The Kubernetes integration provides a `KUBECONFIG` with an auto-generated namespace
to deployment jobs. It defaults to using project-environment specific namespaces
of the form `<prefix>-<environment>`, where `<prefix>` is of the form
`<project_name>-<project_id>`. To learn more, read [Deployment variables](#deployment-variables).

You can customize the deployment namespace in a few ways:

- You can choose between a **namespace per [environment](../../../ci/environments/index.md)**
  or a **namespace per project**. A namespace per environment is the default and recommended
  setting, as it prevents the mixing of resources between production and non-production environments.
- When using a project-level cluster, you can additionally customize the namespace prefix.
  When using namespace-per-environment, the deployment namespace is `<prefix>-<environment>`,
  but otherwise just `<prefix>`.
- For **non-managed** clusters, the auto-generated namespace is set in the `KUBECONFIG`,
  but the user is responsible for ensuring its existence.
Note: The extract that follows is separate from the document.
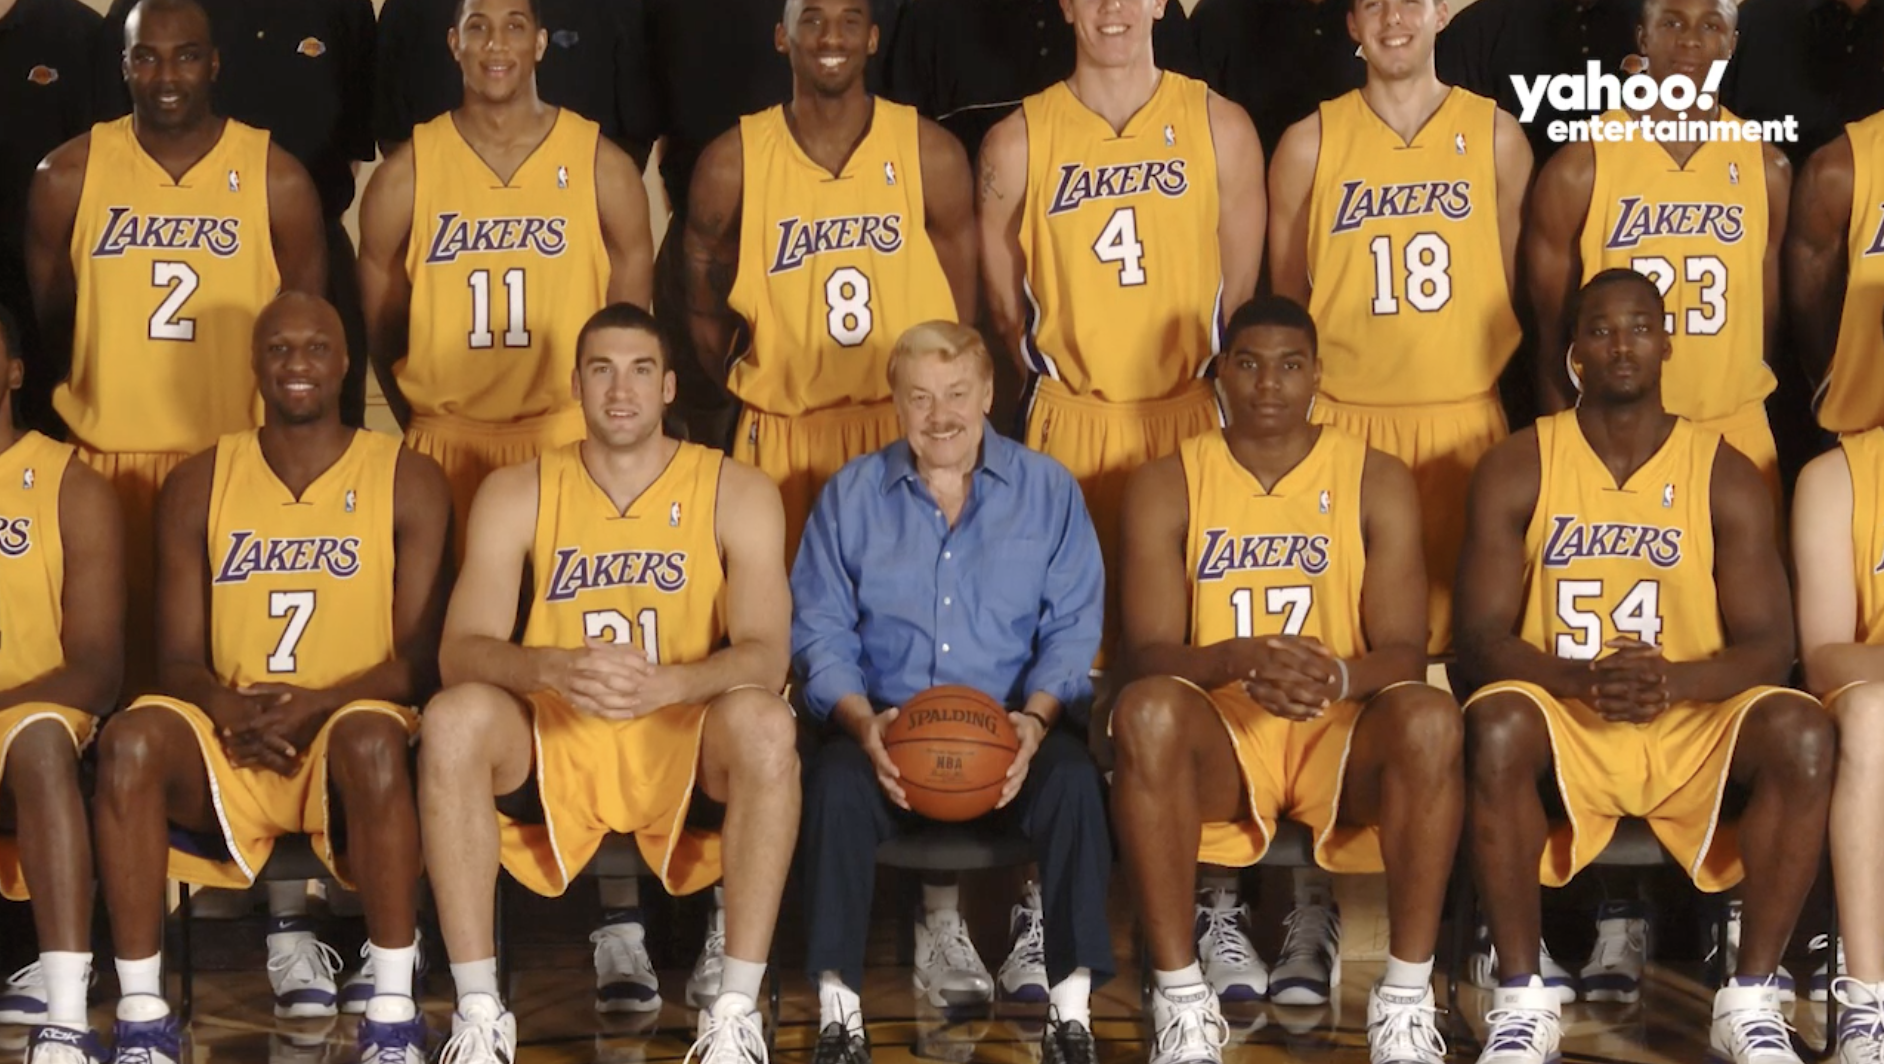 Power Ranking the Casting Decisions for HBO's Showtime Lakers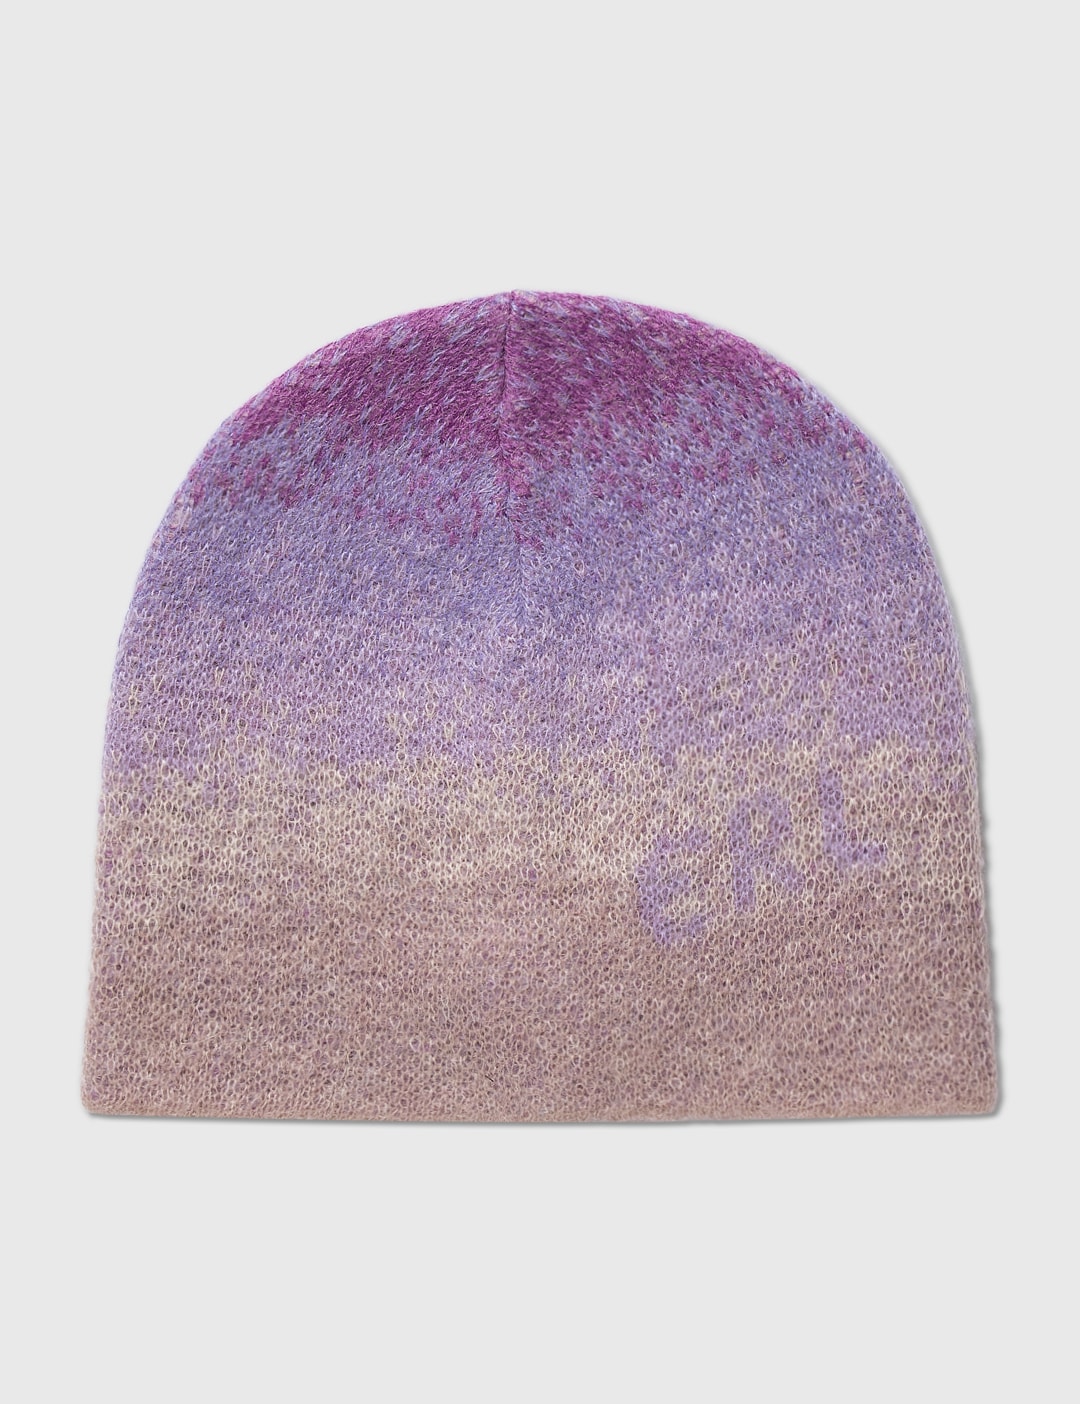 Gradient Knitted Beanie Placeholder Image

You can fully customize
  this value using
  [`environment:kubernetes:namespace`](../../../ci/environments/index.md#configure-kubernetes-deployments)
  in `.gitlab-ci.yml`.

When you customize the namespace, existing environments remain linked to their current
namespaces until you [clear the cluster cache](#clearing-the-cluster-cache).

#### Protecting credentials

By default, anyone who can create a deployment job can access any CI/CD variable in
an environment's deployment job. This includes `KUBECONFIG`, which gives access to
any secret available to the associated service account in your cluster.
To keep your production credentials safe, consider using
[protected environments](../../../ci/environments/protected_environments.md),
combined with *one* of the following:

- A GitLab-managed cluster and namespace per environment.
- An environment-scoped cluster per protected environment. The same cluster
  can be added multiple times with multiple restricted service accounts.

### Integrations

#### Canary Deployments

Leverage [Kubernetes' Canary deployments](https://kubernetes.io/docs/concepts/cluster-administration/manage-deployment/#canary-deployments)
and visualize your canary deployments right inside the Deploy Board, without
the need to leave GitLab.

[Read more about Canary Deployments](../canary_deployments.md)

#### Deploy Boards

GitLab Deploy Boards offer a consolidated view of the current health and
status of each CI [environment](../../../ci/environments/index.md) running on Kubernetes.
They display the status of the pods in the deployment. Developers and other
teammates can view the progress and status of a rollout, pod by pod, in the
workflow they already use without any need to access Kubernetes.

[Read more about Deploy Boards](../deploy_boards.md)

#### Viewing pod logs

GitLab enables you to view the logs of running pods in connected Kubernetes
clusters. By displaying the logs directly in GitLab, developers can avoid having
to manage console tools or jump to a different interface.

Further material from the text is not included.